Some days I am not sure if I am being pushed or if I am jumping.

Friday, February 17, 2006

The Detritus of my Kitchen Laid Bare

Oh Manuela, the sausages were so, so scrummy and I would have thought you would have loved them with your Teutonic background. However, I loved them and they were to cheer up Katie anyway! Sheesh, everyone's a critic.

However, moving on from the sausages, here are some more pics from the soon-to-be-demolished kitchen.

It looks awfy tidy and clean but as you can see from the things that sit on every available inch of surface, storage space is at a premium.

I am swithering towards a cream kitchen as that is what I have at the moment. Amy is completely correct in that during the winter, it is unmitigated gloom here. However, even in spring and summer, my kitchen faces north-east so gets full sun only at the end of the day. Light and bright is what is needed.







I just have so. much. stuff. The room is like 10 feet by 14 feet so positively bijou. It is closed off from the rest of the house as small enclosed rooms here in the UK = easy to keep warm.

I don't think the previous owners had any collections of china or teacups so decided that wall cupboards were a step too far! Just too progressive.

Monday, February 13, 2006

Reasons to Celebrate, be they ever so Tiny

Drum roll please.

Today is CD1 again.

Right in the middle of a meeting in Braveheart country, it arrived. I feel like painting my face blue in celebration though as this was a 38 day cycle. Only 10 days longer than a normal one!!

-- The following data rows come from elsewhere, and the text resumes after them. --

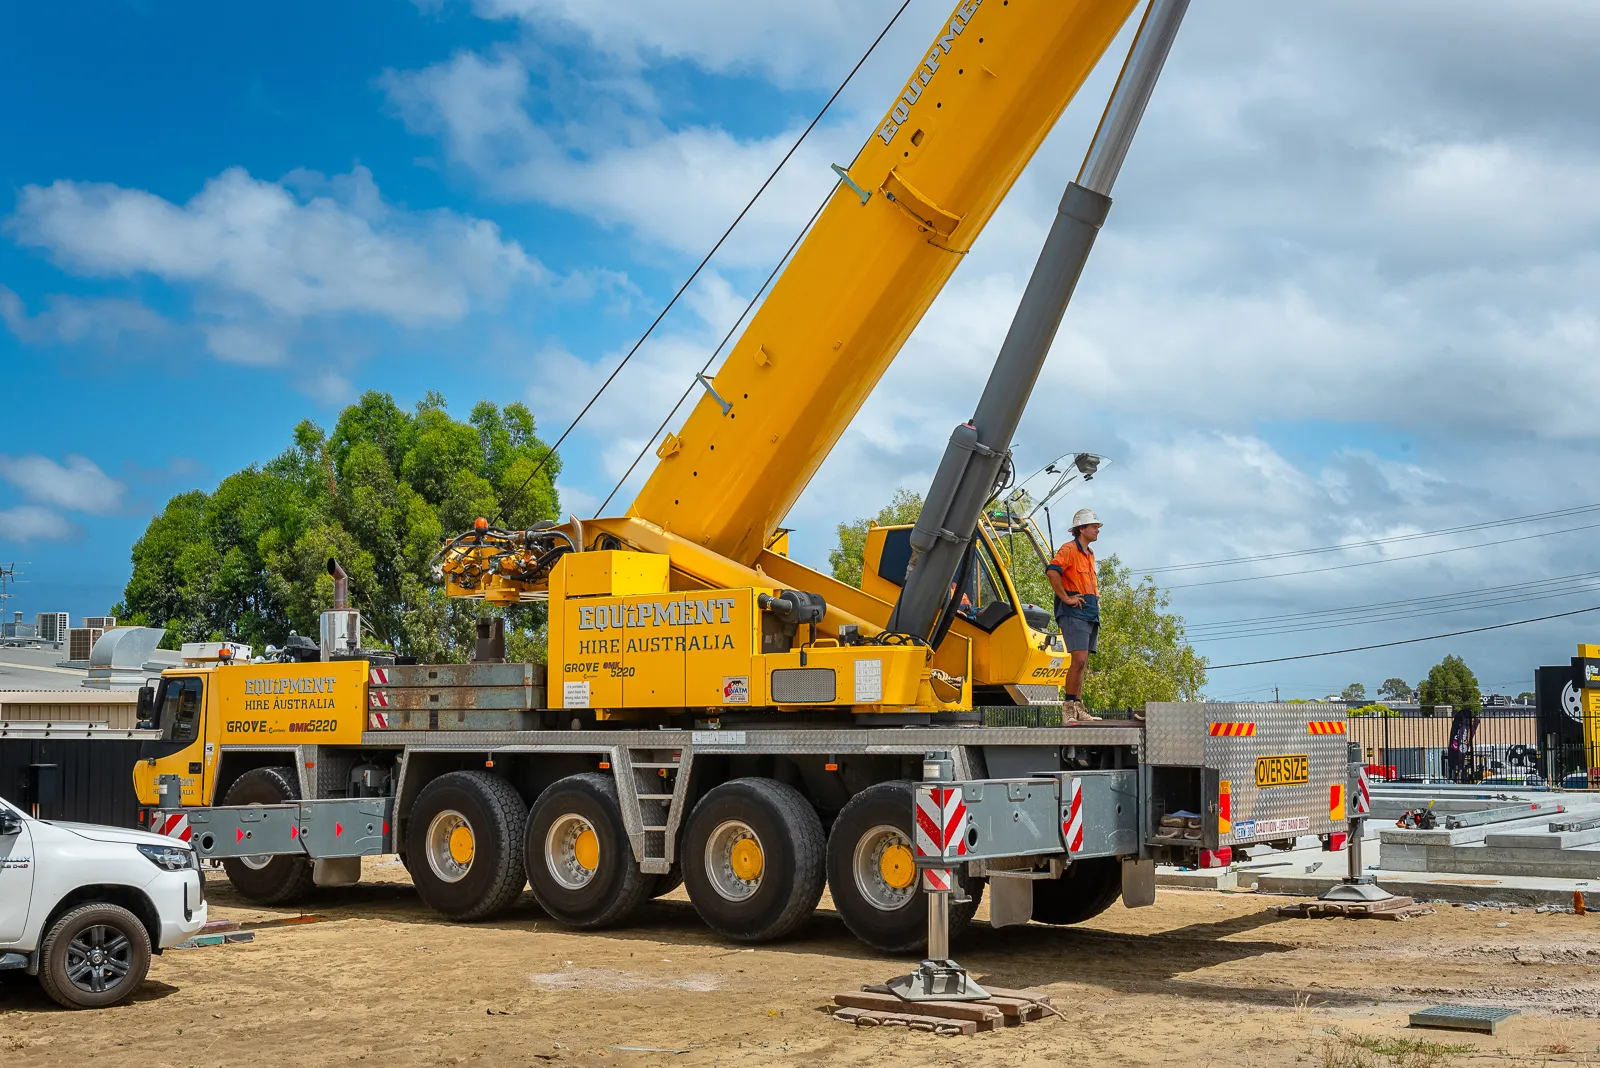 JD Rigging & Construction, Equipment Hire Australia crane for hire
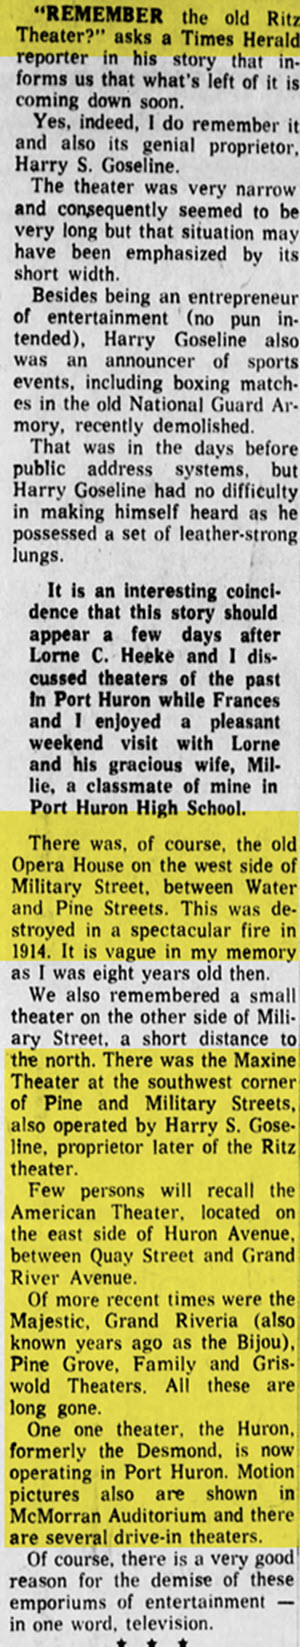 Maxine Theatre - Sun Dec 1969 Article About Port Huron Theaters
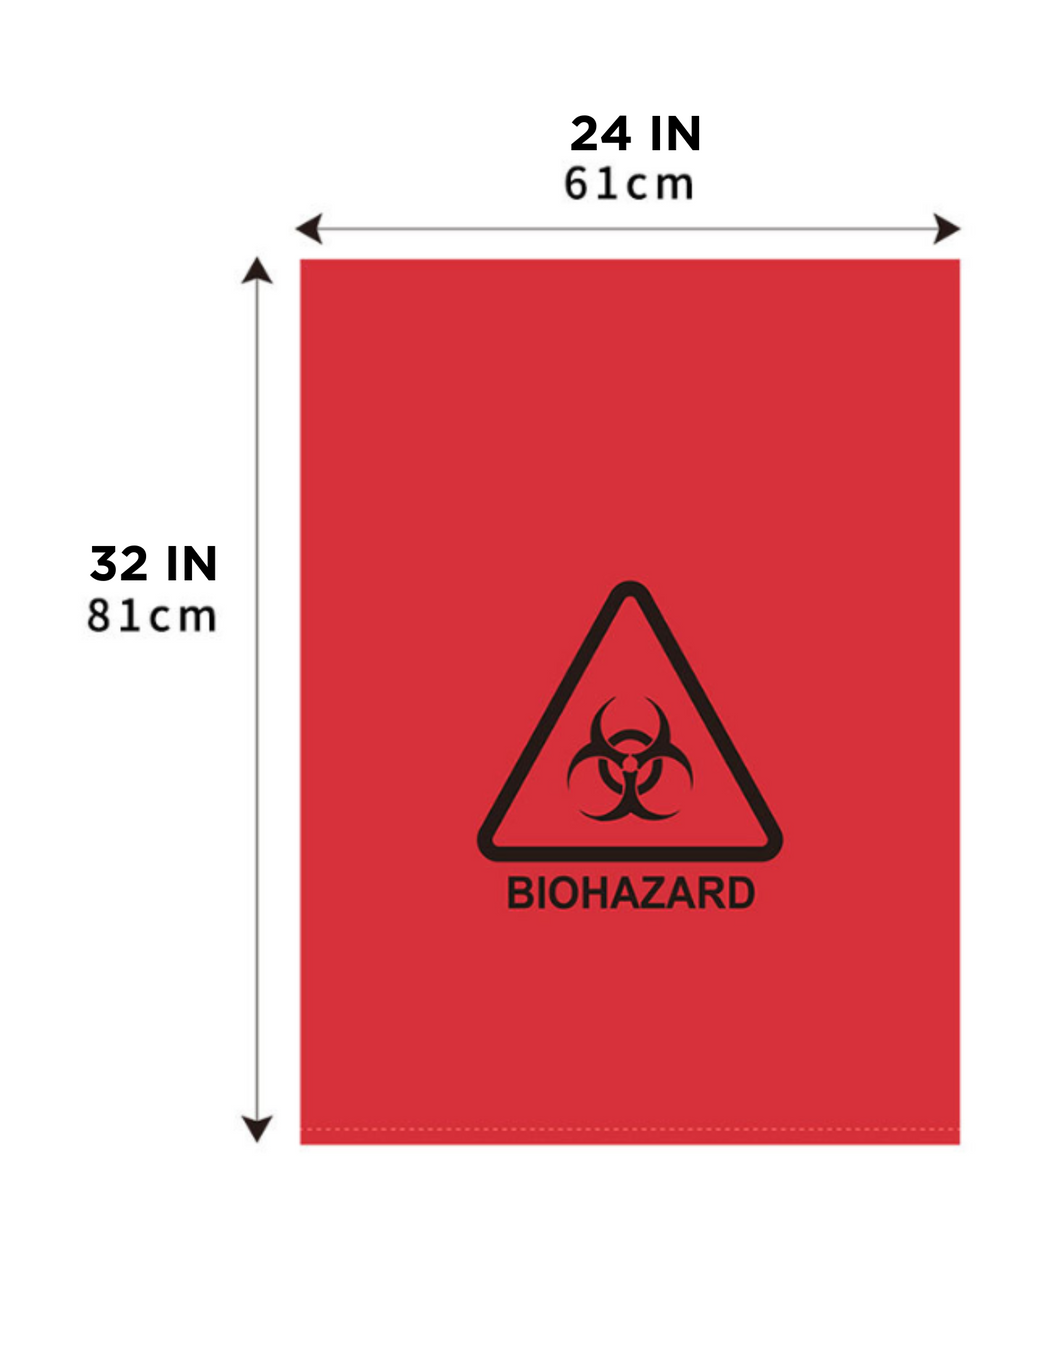 Autoclavable and Biohazard Bag (Flat Bag), Medium Size

I know, as a pre-menopausal old crone, it means nothing really but what the heck. I am sure we will be back to normal with 54 or 84 days next time haha!

Katie at Maybe Expectant is hopefully on bedrest after her 2nd IVF transfer. These photos from my kitchen are for her inspiration. I like to call it "Triptych of Tea and Sausages".

More "before" kitchen pics will follow to demonstrate the shocking conditions I am forced to cook in.



Tuesday, February 07, 2006

Kitchenalia

I am now in a kitchen frenzy. The only thing that I am lamenting is that I can not have a groovy island. Not enough space in my standard U shaped kitchen.

I could have named it Infertility Island (thanks to Mare). A barren wasteland of teeth-chipping, unrelenting, cold granite. Probably just as well I am not having one. I so wanted one though but this is where the knocking down of wall or building of house extension would have to come into play. Sometimes you just have to accept that everything is not possible.

If it is to be Ikea, I have narrowed it down to 4 door choices. The pics are a bit small but you can get the full kitchen dealio here.



Birch adel





White Stat





Oak Tidaholm






Yellow white Adel





The basic carcass is the same for all and it is only the doors and hardware that have to be chosen. Ha! I almost made it sound so easy there for an unfettered Libran who hates to make decisions. You wonderful internets are going to be called upon to assist me. I hope you are up to the task.

Of course, the resident kitchen queens Julianna and Millie and Amy are already the experts. I bow to the kitchen goddesses. I will need all their queenly help, just as per usual haha!

Sunday, February 05, 2006

You Will Alway Find Me in the Kitchen at Parties

because I adore looking at other people's kitchens and fantasising about what I will do to mine someday.

Well, that day has come. No, I do not have enough cash to necessarily knock through the wall or add the extension or have the sexy granite counters. But by jove, I am having a new kitchen!!!!!

I am not waiting around any more for the kitchen dream. It may be Ike* fittings and a tad budget-conscious but it will be mine, all mine hahaha! I have waited 6 years to do this and I am going to be a madwoman unleashed.